Example 3: Steam Conditioned and Heated Mechanical
Pressure Conditioned Smokeless Tobacco
Tobacco with 5 to 6% moisture content is transferred into a chamber that is freely vented to the atmosphere. In the chamber the tobacco is treated with steam having a temperature between 100°F and 115°F and at a steam rate of 80 pounds per hour. During the steam processing, the tobacco is continuously mixed using a double paddle mixer for about one hour. The temperature of the tobacco reaches 110°F during the steam conditioning. Steam and vaporized organoleptic compounds were vented from the chamber during the process .
The steam conditioned tobacco, with 30% moisture content, is metered at a rate of 180 pounds per hour in a twin screw extruder, Wenger TX-57 34:1L/D. The barrel temperature of the extruder is between 51°F and 176°F and the screw speed is maintained at 110 rpm. The pressure at the shear-lock element is 100 psi while the vent vacuum is kept at 2-8 mm Hg.

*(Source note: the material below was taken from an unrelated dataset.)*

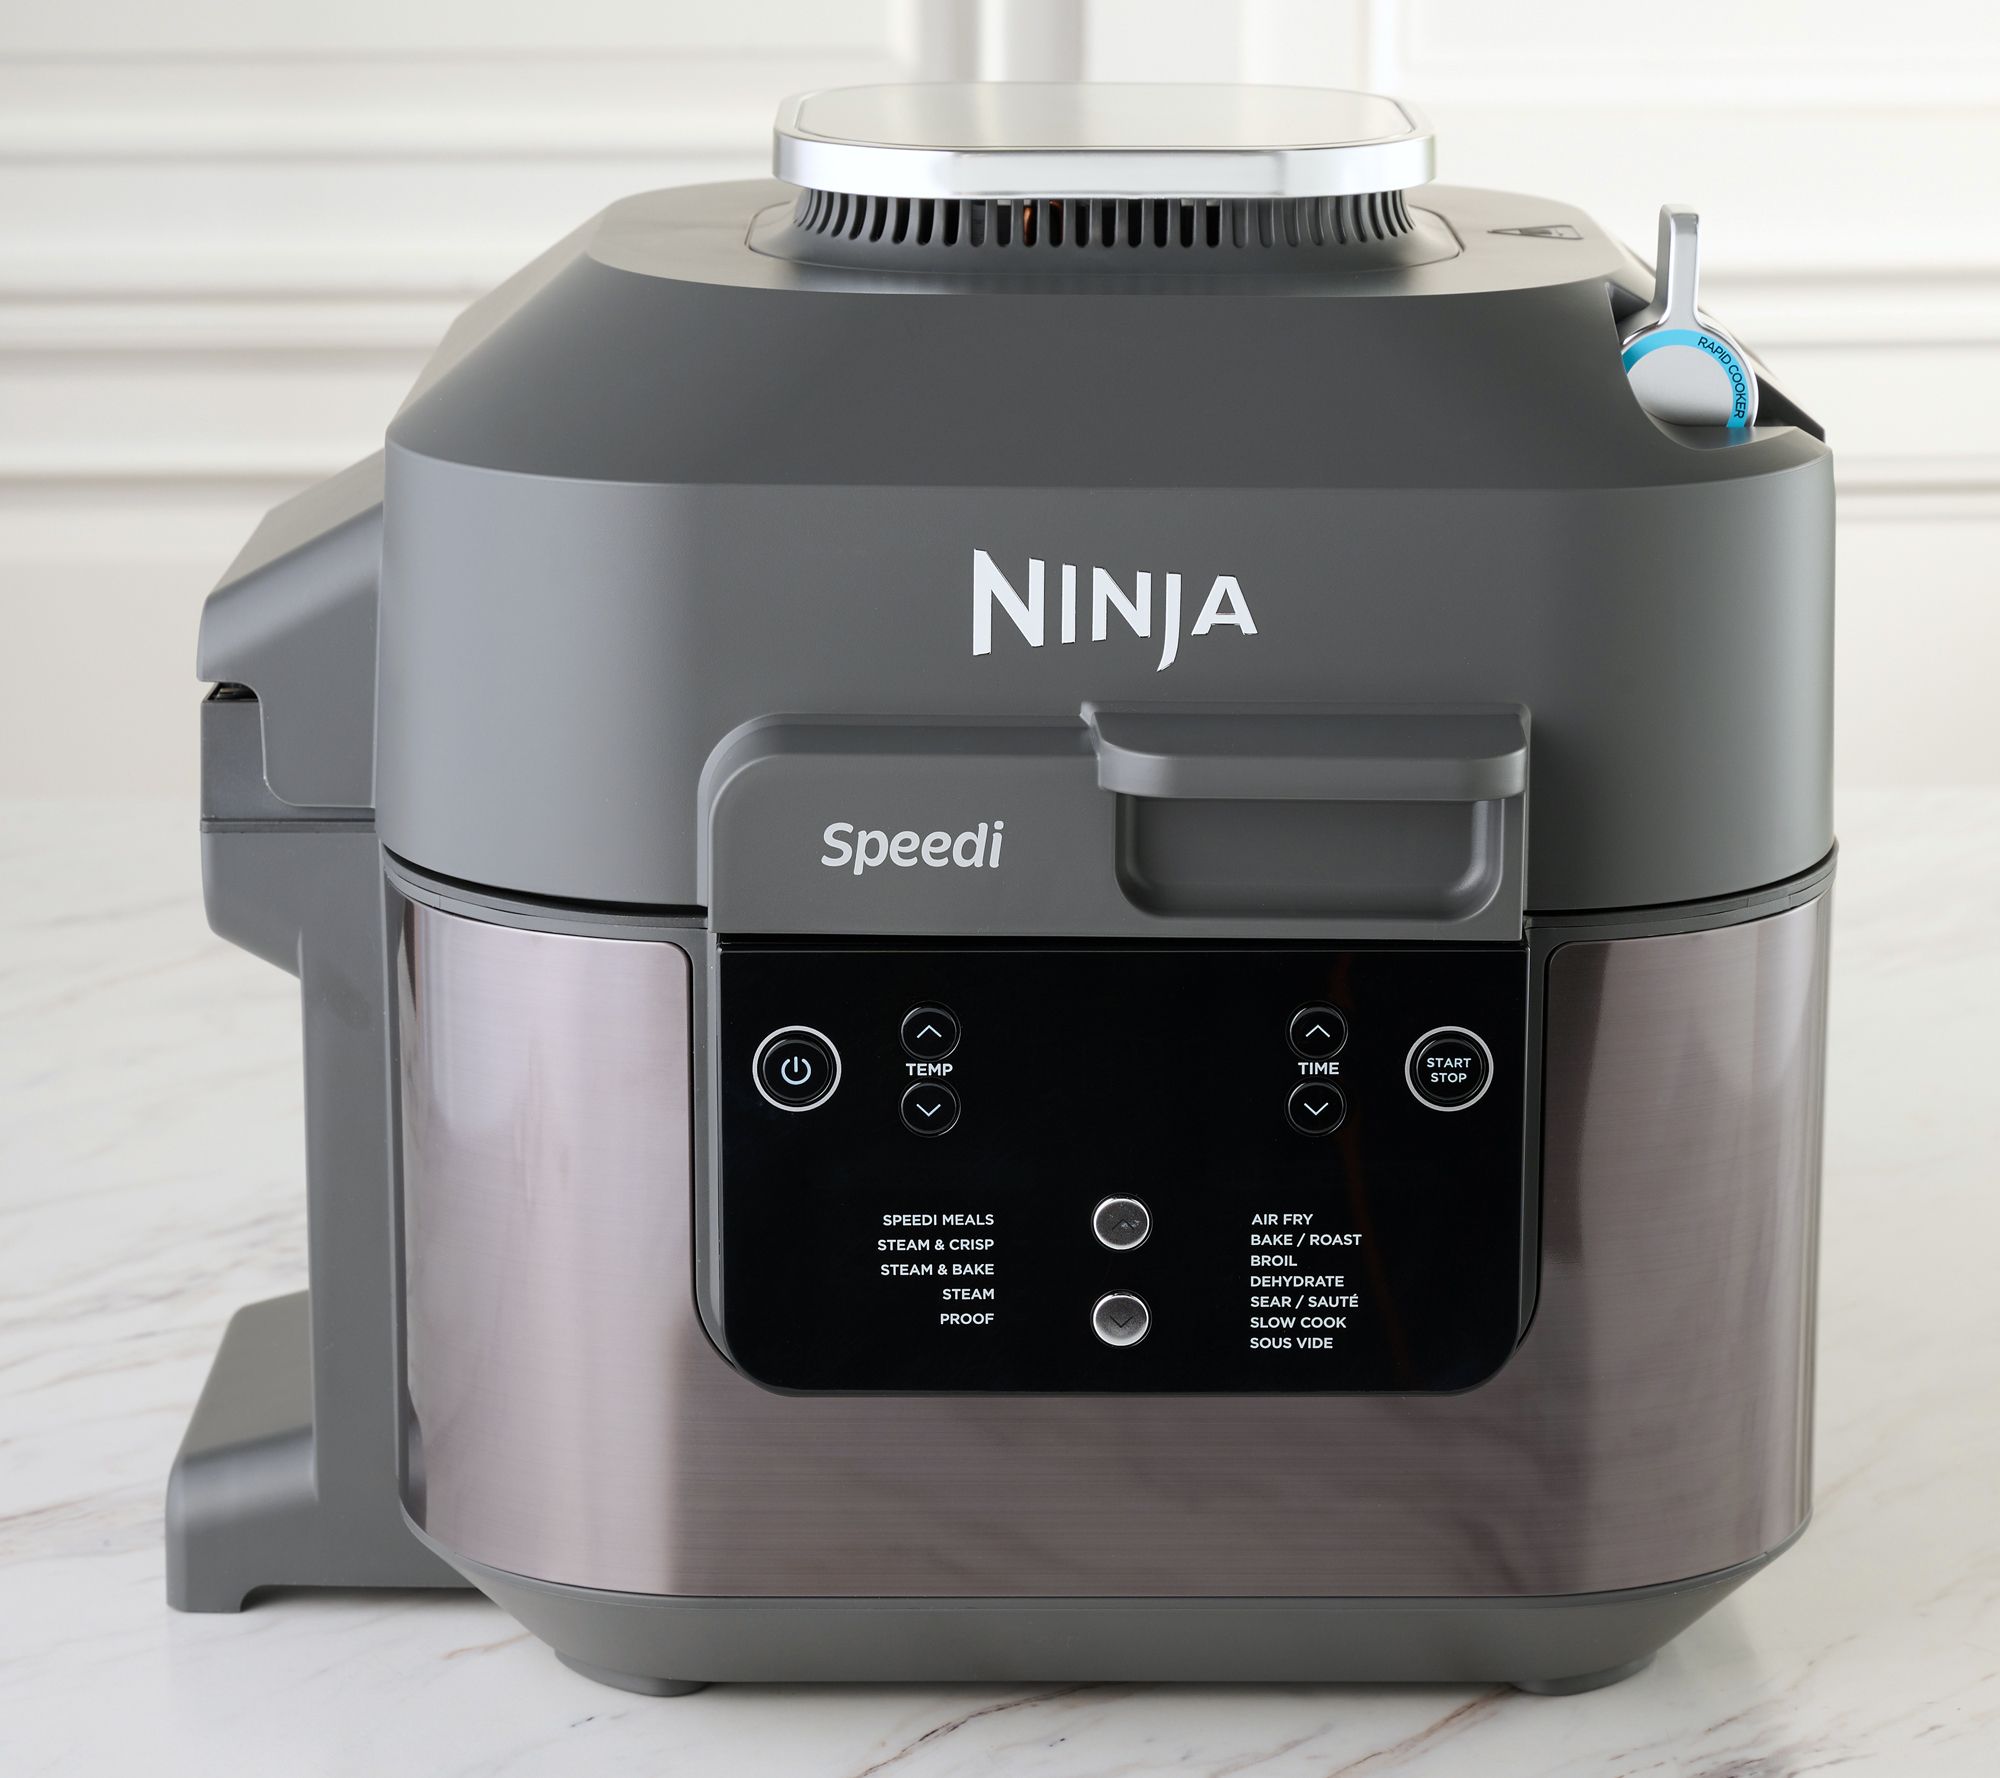 Ninja Speedi Rapid Cooker Review: Full Meal in 15 Minutes? 
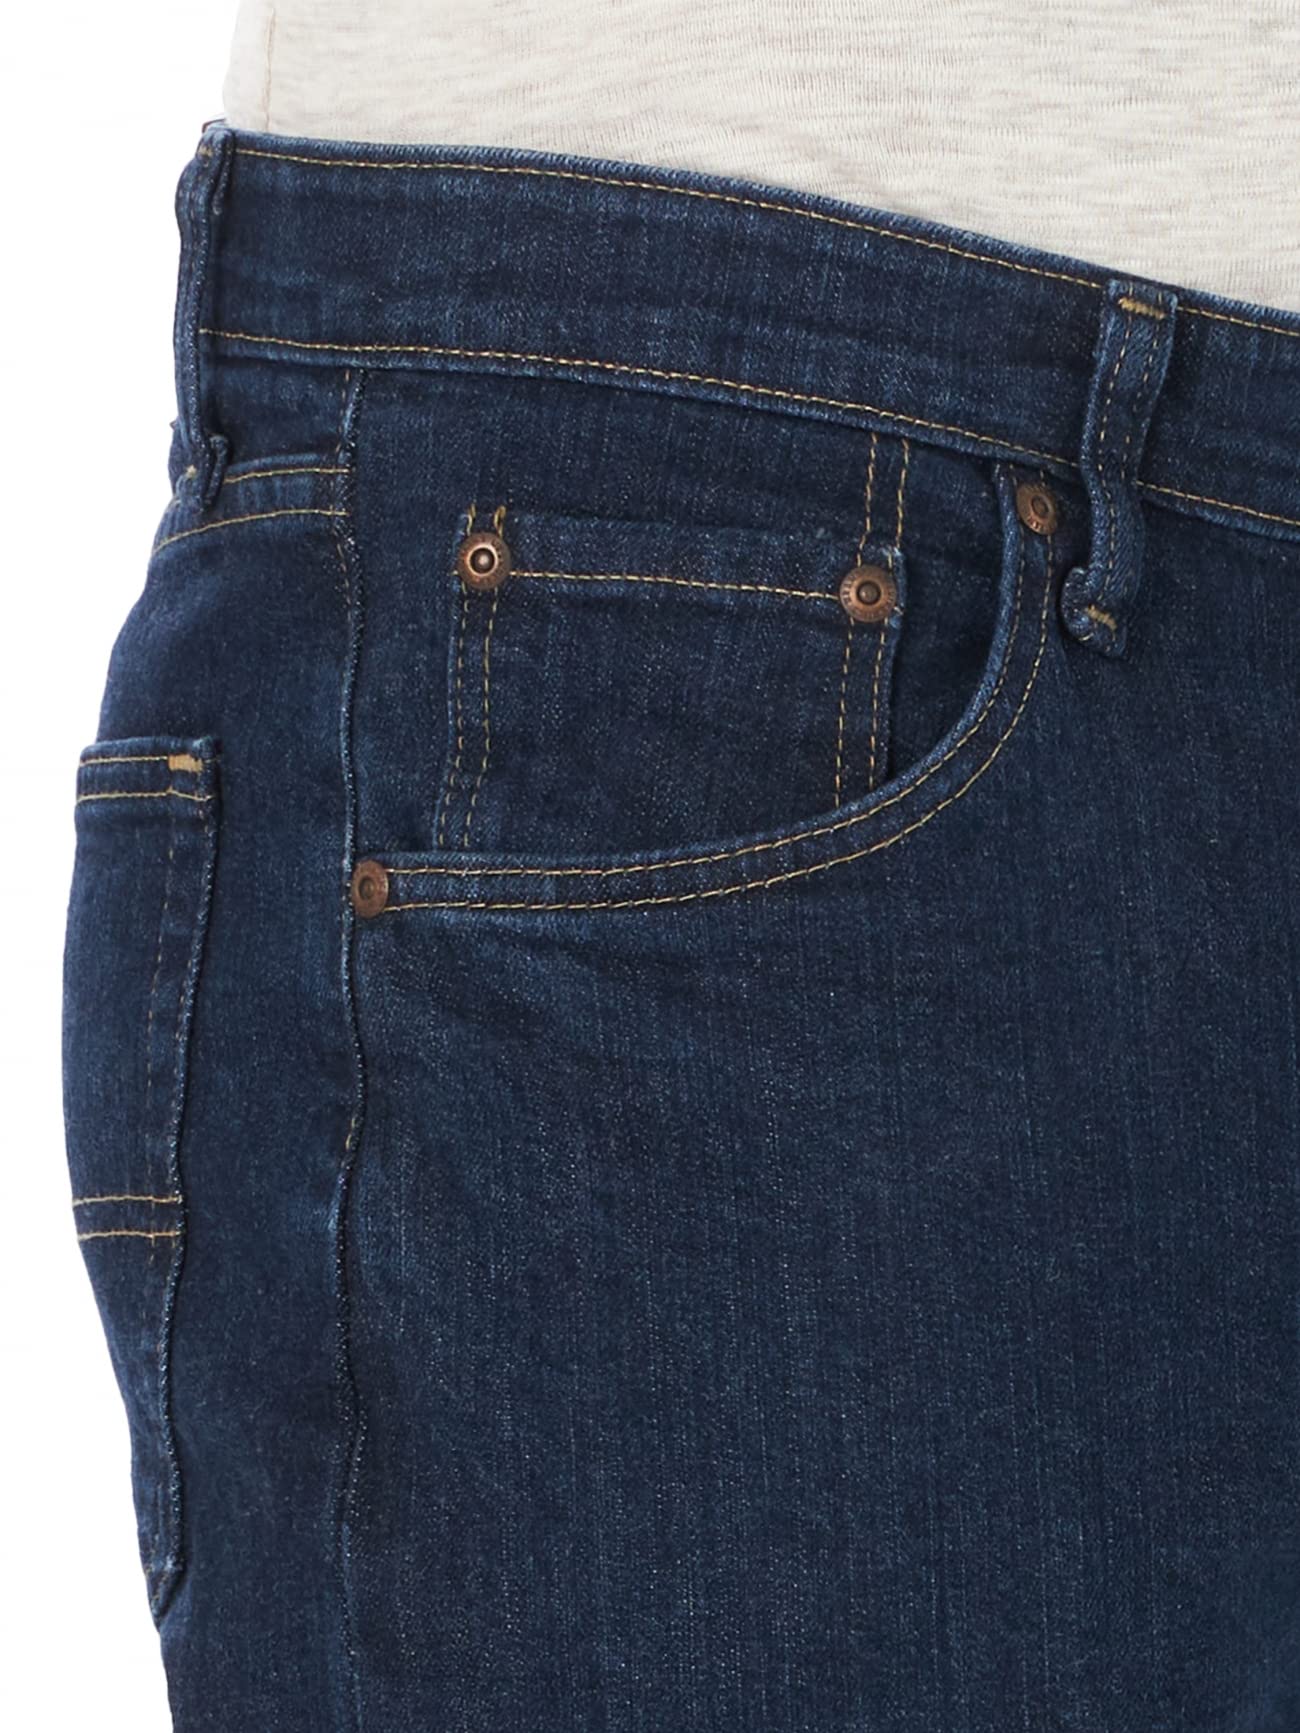 Wrangler Authentics Men's Regular Fit Comfort Flex Waist Jean, Dark Indigo, 33W x 32L

The temperature of tobacco exiting the extruder barrel is about 82°F. After cooling to room temperature, the moisture of the tobacco exiting the extruder barrel is 22%.

Numerous modifications and variations in practice of the invention are expected to occur to those skilled in the art upon consideration of the foregoing detailed description of the invention. Consequently, such
modifications and variations are intended to be included within the scope of the following claims.